Upper and Lower integrals of a piecewise function

Question

Let Q =I x I, where I = [0,1]. Define f:Q$\rightarrow$ R by letting f(x,y) = $\frac{1}{q}$ if y is rational and x= $\frac{p}{q}$, where p and q are positive integers with no common factor, let f(x,y) = 0 otherwise. Compute the upper and lower integral of $\int_{y \in I} f(x,y)$ I have no intuition whatsoever on how to attempt this question.
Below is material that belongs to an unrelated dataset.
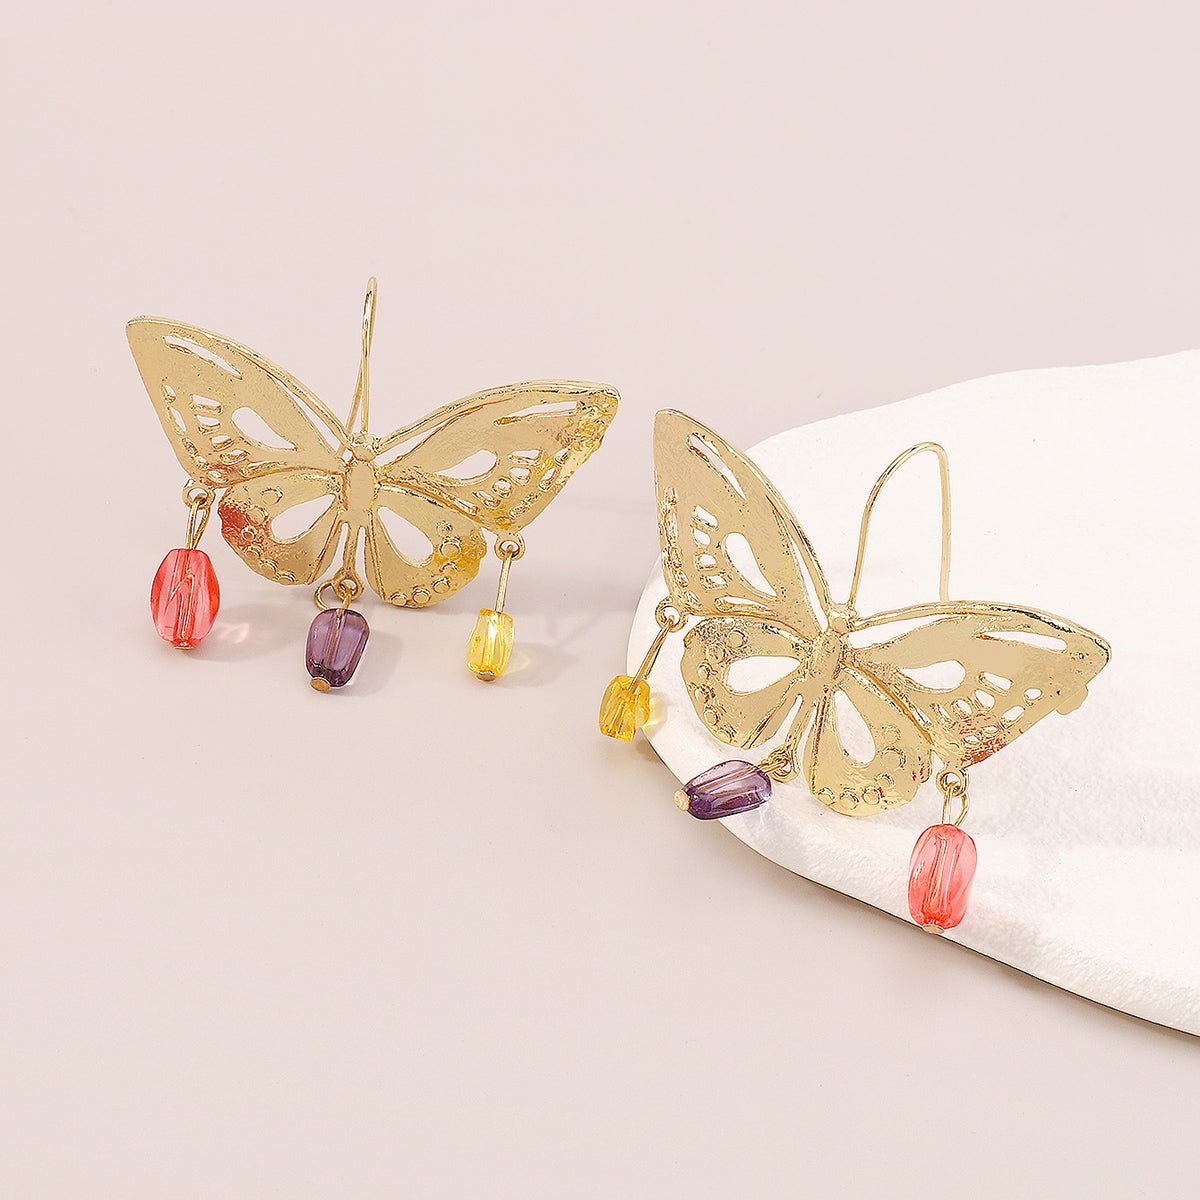 Exaggerated Metal Cutout Butterfly Dangle Earrings medyjewelry

Please explain your procedure in particular, if say we divide x in x=p/q and x $\not=$ p/q, then for y rational we will get 1/q and y irrational we get 0, how does the integral then even exist for x=p/q. Please be as detailed as possible, I've been stuck on this for quite some time and I would really appreciate all the help I can get.

Answer 1

I am guessing that $\int_{y \in I} f(x,y)$ is what might be written also $\int_0^1 f(x,y)\,dy$. It is a function of $x$. We need to consider it according to whether $x$ is rational or not.

If $x$ is rational then it'll be $p/q$ for some $p, q$ with no common factor. Then $f(x,y)=1/q$ for $y$ rational and $f(x,y)=0$ for $y$ irrational. I am guessing that the "lower integral" is the sup for $$\sum_{k=0}^{n-1} (y_{k+1}-y_k) \inf_{y_k\le y \le y_{k+1}} f(x,y)$$ taken over partitions $0=y_0 < y_1 < \cdots <y_{n-1}<y_n = 1$ (cf. Baby Rudin 6.1). It's easy to see that this is zero because every interval $[y_k,y_{k+1}]$ contains an irrational $y$, and so $f(x,y)$ for that $y$ will be zero, and that will be the inf in the sum. Making a similar guess for the upper integral, it's inf for $$\sum_{k=0}^{n-1} (y_{k+1}-y_k) \sup_{y_k\le y \le y_{k+1}} f(x,y)$$ also taken over the same partitions. This value will be $1/q$ since every interval $[y_k,y_{k+1}]$ contains a rational $y$, $f(x,y)=1/q$ for that $y$, and so that will be the sup in the sum, and note $$\sum_{k=0}^{n-1} (y_{k+1}-y_k) = 1$$ because of how the partitions are set up.

For $x$ irrational, $f(x,y)=0$ for all $y$, and so both upper and lower integrals are zero.